Monsieur le rapporteur, monsieur le ministre, il ne faudrait pas repousser ces amendements aussi rapidement. En effet, il existe un précédent, mes chers collègues. Ceux qui ont suivi l’examen du texte sur la réforme des retraites à propos de la pénibilité le connaissent très bien. Certains d’entre nous avaient proposé au Gouvernement que, malgré l’absence d’accord entre les partenaires sociaux, les branches professionnelles puissent avoir la capacité de trouver un accord pendant dix-huit mois ou deux ans, délai au terme duquel la loi proposée par le Gouvernement s’appliquerait.

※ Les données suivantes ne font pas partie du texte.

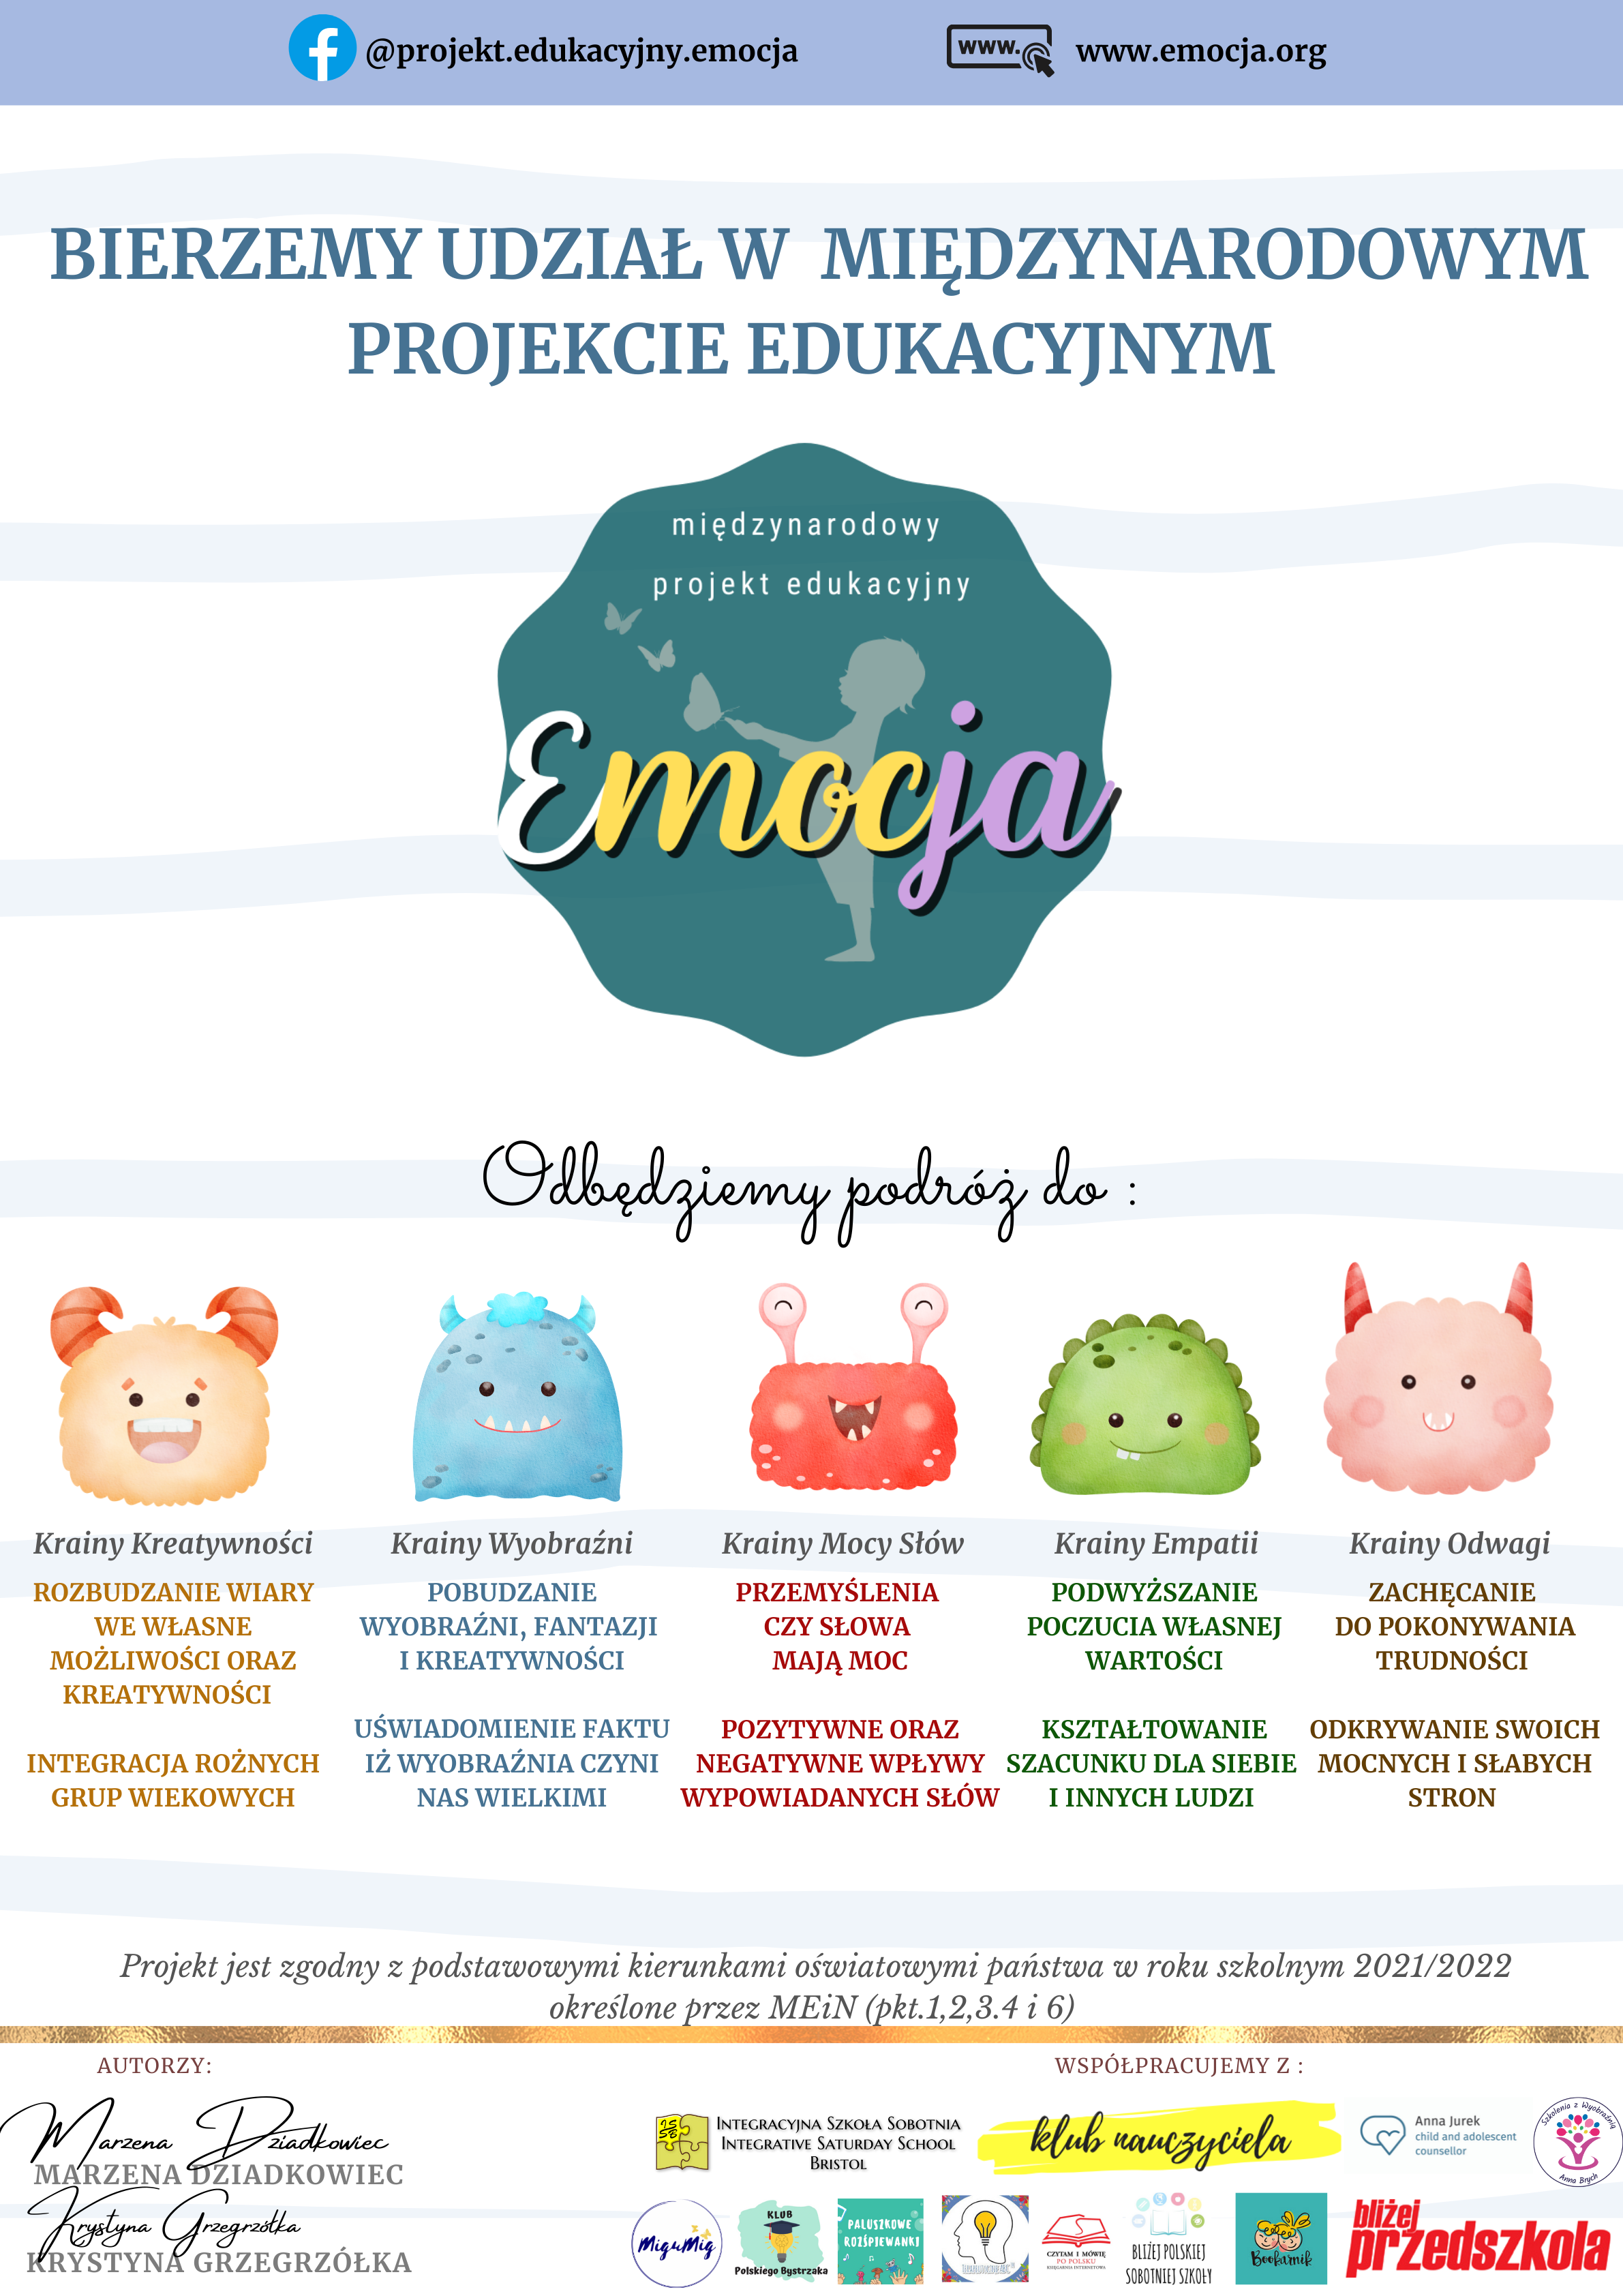 Plakat duży- Projekt edukacyjny Emocja (2).png (1.79 MB)

Ces amendements avaient été repoussés à l’époque par le Gouvernement et le rapporteur.
Le Premier ministre a dit cet après-midi quelque chose qui se rapproche beaucoup de la logique que nous avions à l’époque défendue dans cet amendement, qui confiait très naturellement – car il n’y a pas d’autre voie possible – aux branches professionnelles le soin de piloter la démarche de constitution de l’intégration des droits de pénibilité dans les contrats et les parcours individuels. La proposition de nos collègues Tardy et Tian – que je soutiendrai – de laisser cette part aux branches est à mon sens une excellente manière de faire. Il est dommage que vous vous priviez dès maintenant d’une solution qui vous permettrait de sortir de l’embarras dans lequel ce texte ne manquera pas de tomber.

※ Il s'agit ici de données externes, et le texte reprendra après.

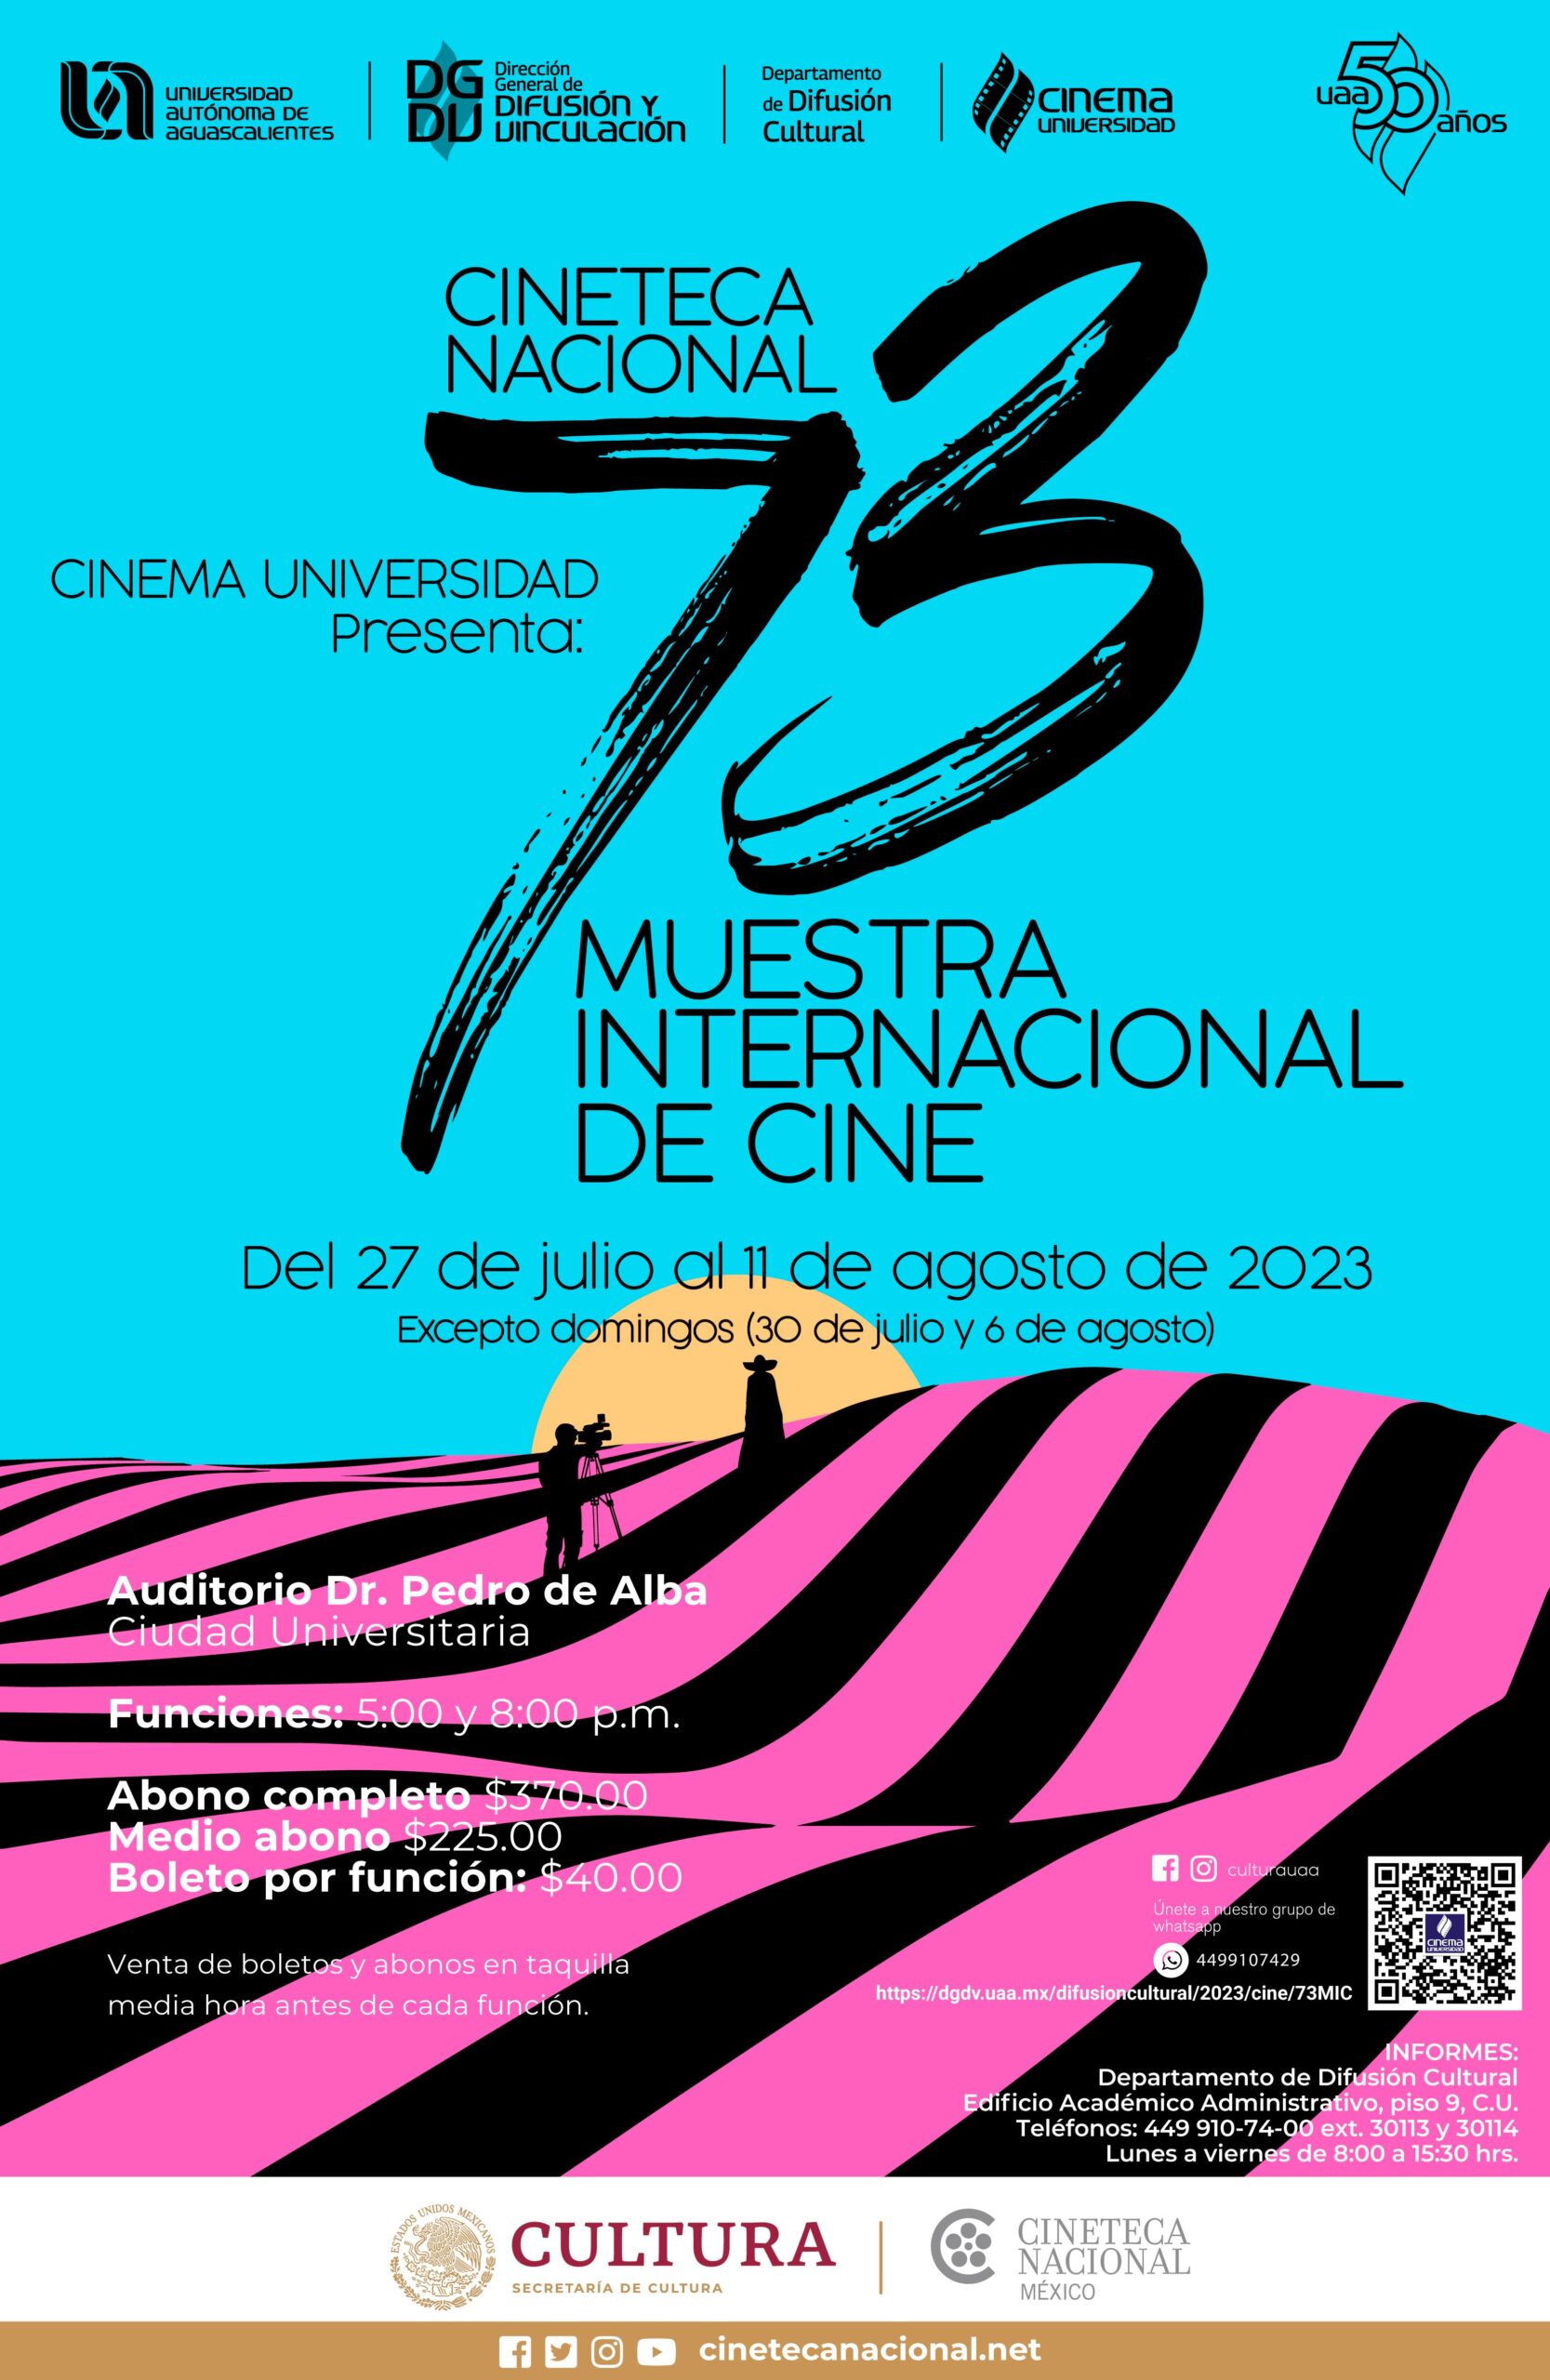 El renovado auditorio Dr. Pedro de Alba albergará la edición 73 de la Muestra Internacional de Cine

Je rappelle que les intermittents du spectacle relèvent d’un accord de branche indépendant de ce qui se passe ailleurs, puisqu’il déroge aux accords interprofessionnels. En commission, plusieurs intervenants, à commencer par notre collègue Jean-Patrick Gille, ont fait remarquer qu’il serait souhaitable que l’interpro ne modifie pas l’accord de branche fixé. Mais nous ne sommes pas ici, avec ces amendements, dans une inversion de la hiérarchie des normes, puisqu’il est proposé que les branches soient considérées comme supérieures aux commissions paritaires. J’y suis assez favorable, d’autant plus qu’un certain nombre de dispositions sont propres aux entreprises de moins de onze salariés dans le code du travail, notamment s’agissant du licenciement.
Mes chers collègues, la suite de la discussion est renvoyée à la prochaine séance.
Prochaine séance, cet après-midi, à quinze heures :
Questions Gouvernement ;
Suite de la discussion du projet de loi sur le dialogue social et l’emploi.
La séance est levée.
La séance est levée, le mercredi 27 mai 2015, à une heure.